Обиженный Алеша, шмыгая носом, отходил в сторону. Он не раз получал такие проборки от отца, но его успехи в учебе от этого не становились большими. В том, что шоферу обязательно нужно окончить семь классов, младший брат Петруся, видимо, сильно сомневался и на науку не особенно налегал.

Янке и Стасе, которые ходили во второй класс и своих симпатий к будущим профессиям еще целиком не выявили, Игнат Денисович также предусмотрел место в жизни.

— Янка у меня будет садовником, — аттестовал третьего сына Иван Денисович. — Он очень любит яблоки.

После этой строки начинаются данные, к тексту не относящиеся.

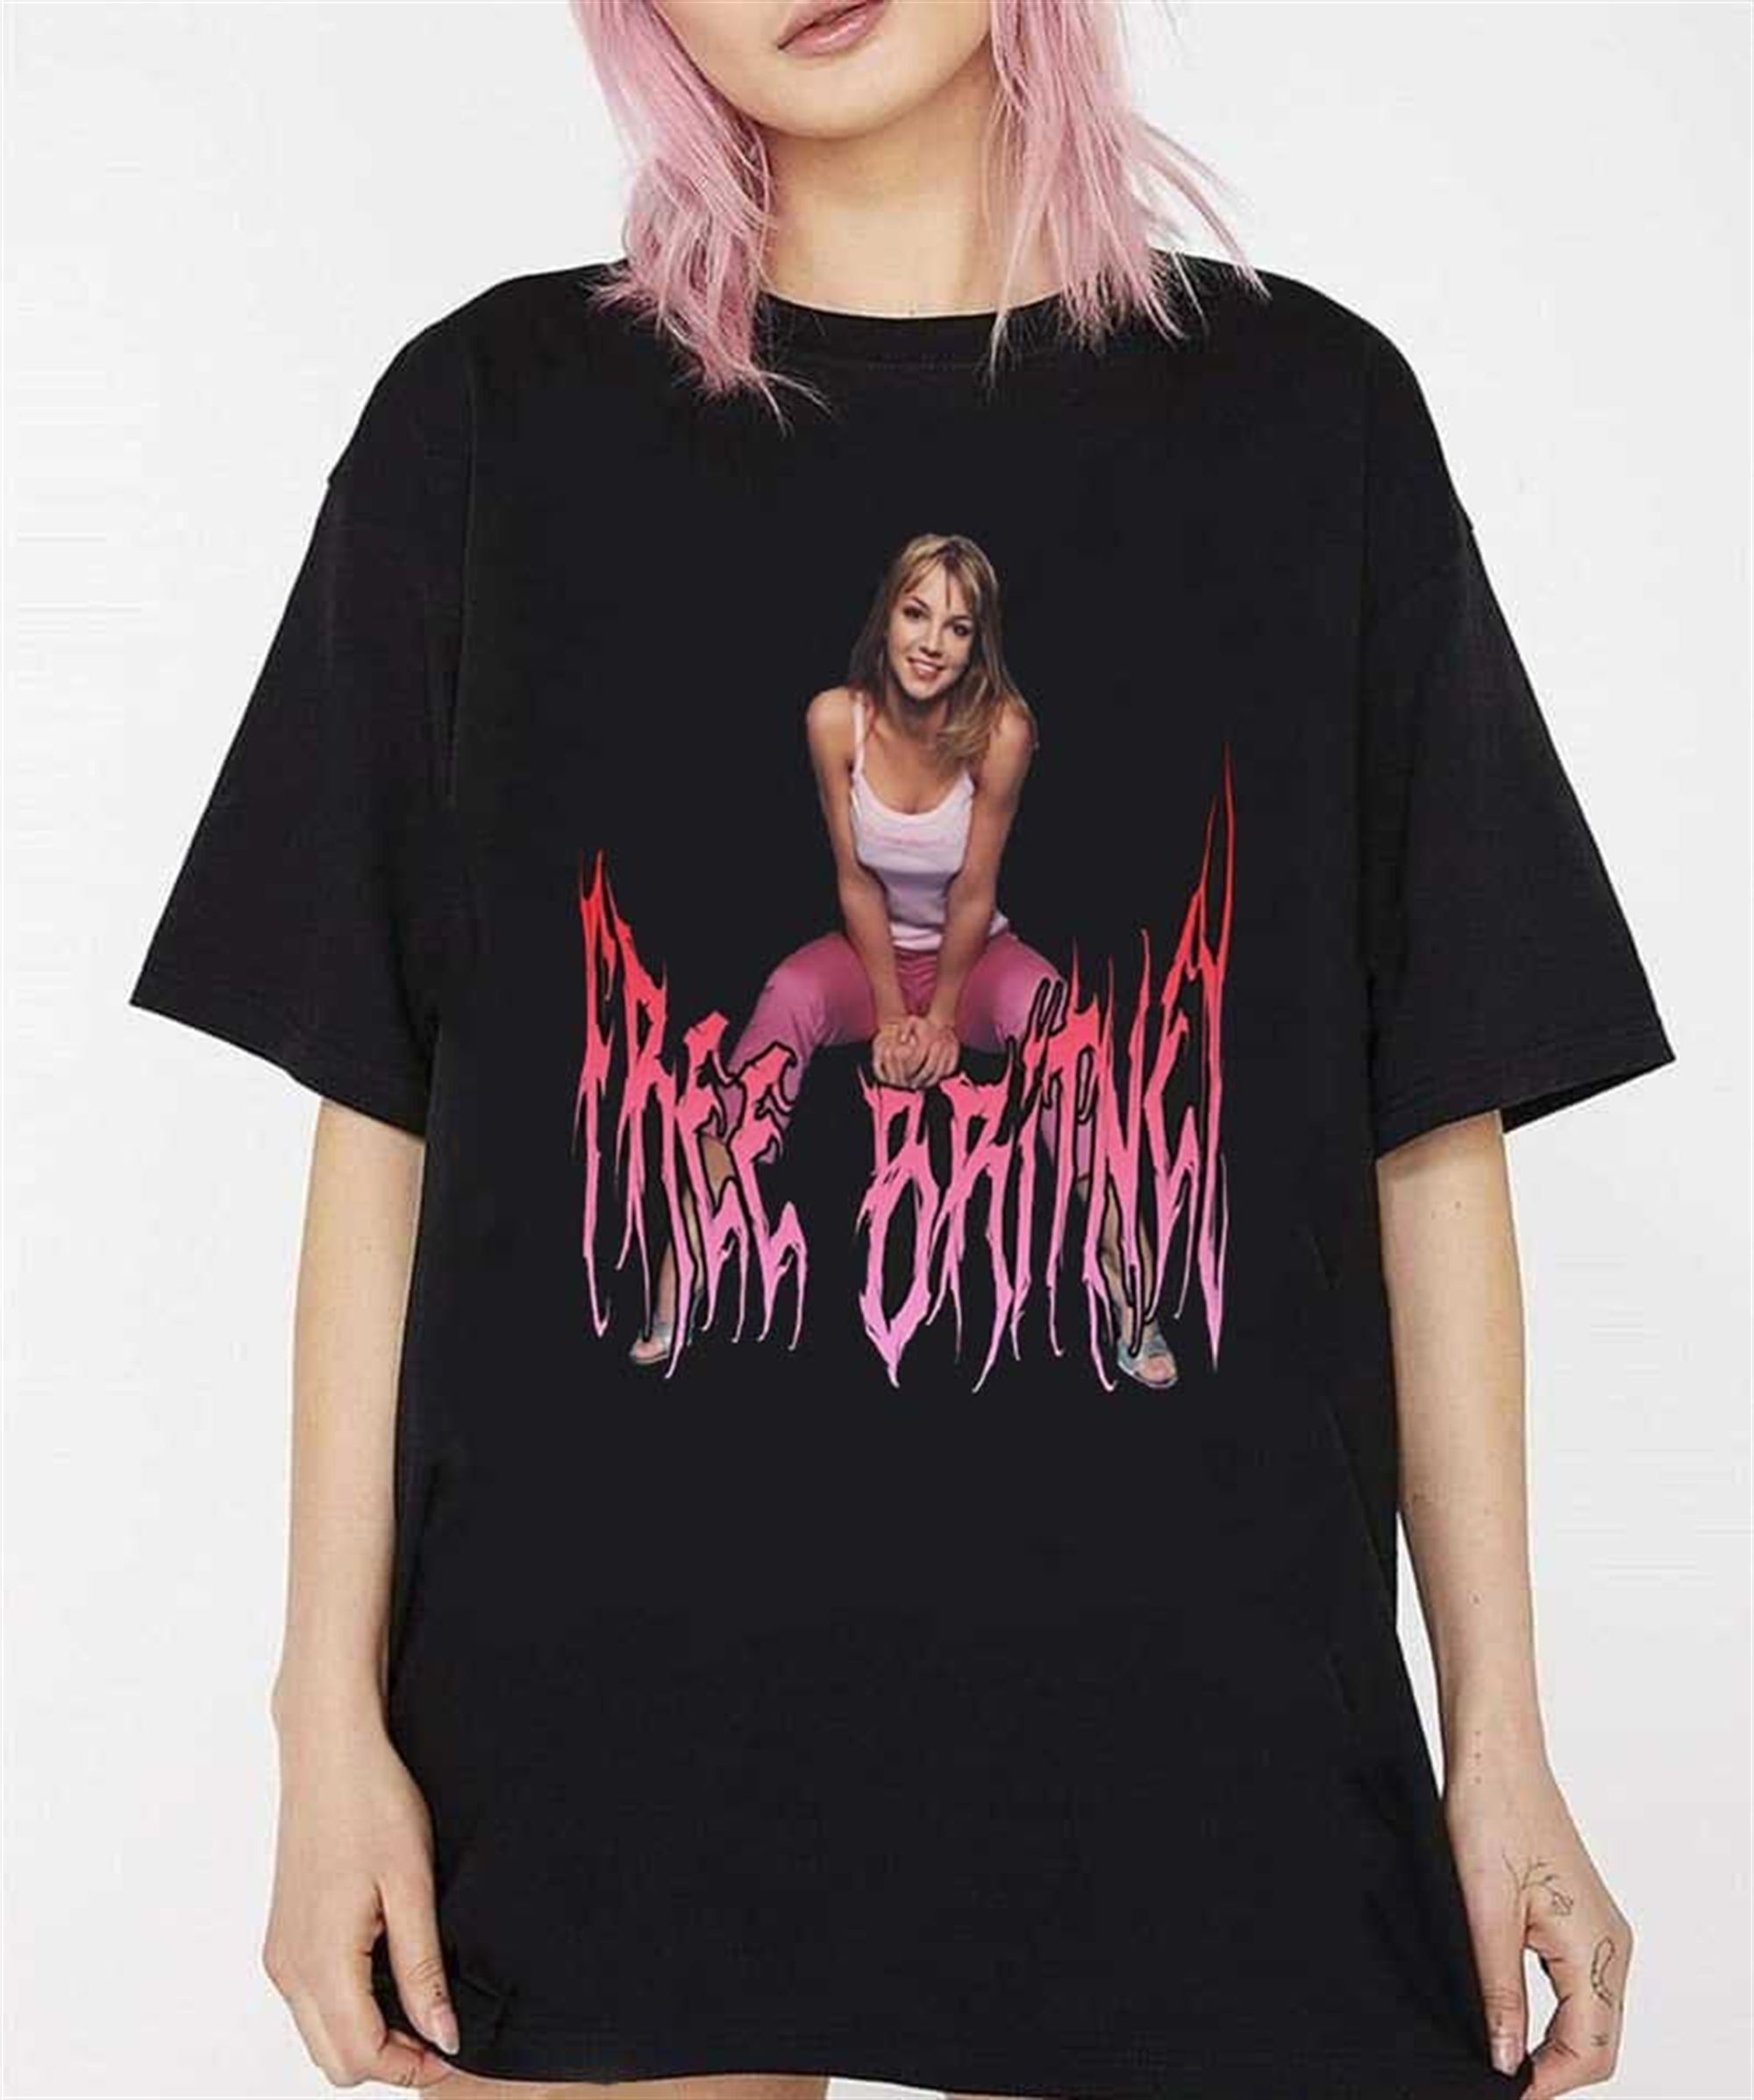 Britney Spear Shirt Free Britney Shirt Heavy Metal Britney Spears Smash The Patriarchy Free Britney Movement Intersectional Feminism Ha

Правда, он их пока что ворует, но когда вырастет, то красть перестанет и будет есть свои. Правда, Янка?

Белоголовый Янка, которого однажды словил в своем саду кузнец Вавила, от такой характеристики чуть не плакал. Тот единственный случай, когда мальчик залез в сад старого кузнеца, можно было давно забыть, — ведь тогда Янка еще не ходил в школу. Но отец об этом не забывал…

Стасе Игнат Денисович пророчил стать учительницей, и девочка даже краснела от удовольствия. Она, между прочим, училась в одном классе с Янкой и всегда докладывала отцу о всех проделках брата.

Пятилетняя Лида о своей будущей профессии наводила справки сама. Переваливаясь на выгнутых, словно обод, ножках, она подходила к отцу, взбиралась к нему на колени и спрашивала:

— А кем я буду, папа?

— Тебя я отдам замуж, дочка, — говорил отец, целуя девочку. — Будешь присматривать за мною и матерью, когда мы состаримся…

— Я хочу за Селгея.

— Можно и за Сергея, он кавалер геройский…

Сергея, сына Тимошенковых соседей, чаще всего можно было видеть в канаве возле хаты, где они вместе с Лидой лепили из земли оладьи и блины. Характер у этого хлопца был, видно, покладистый, так как он ни разу не поднял руки на Лиду, несмотря на свое мужское превосходство в силе. Был, правда, у хлопца один недостаток: он очень не любил своей нижней одежды и выбегал в летний день на улицу в одной длинной рубашке.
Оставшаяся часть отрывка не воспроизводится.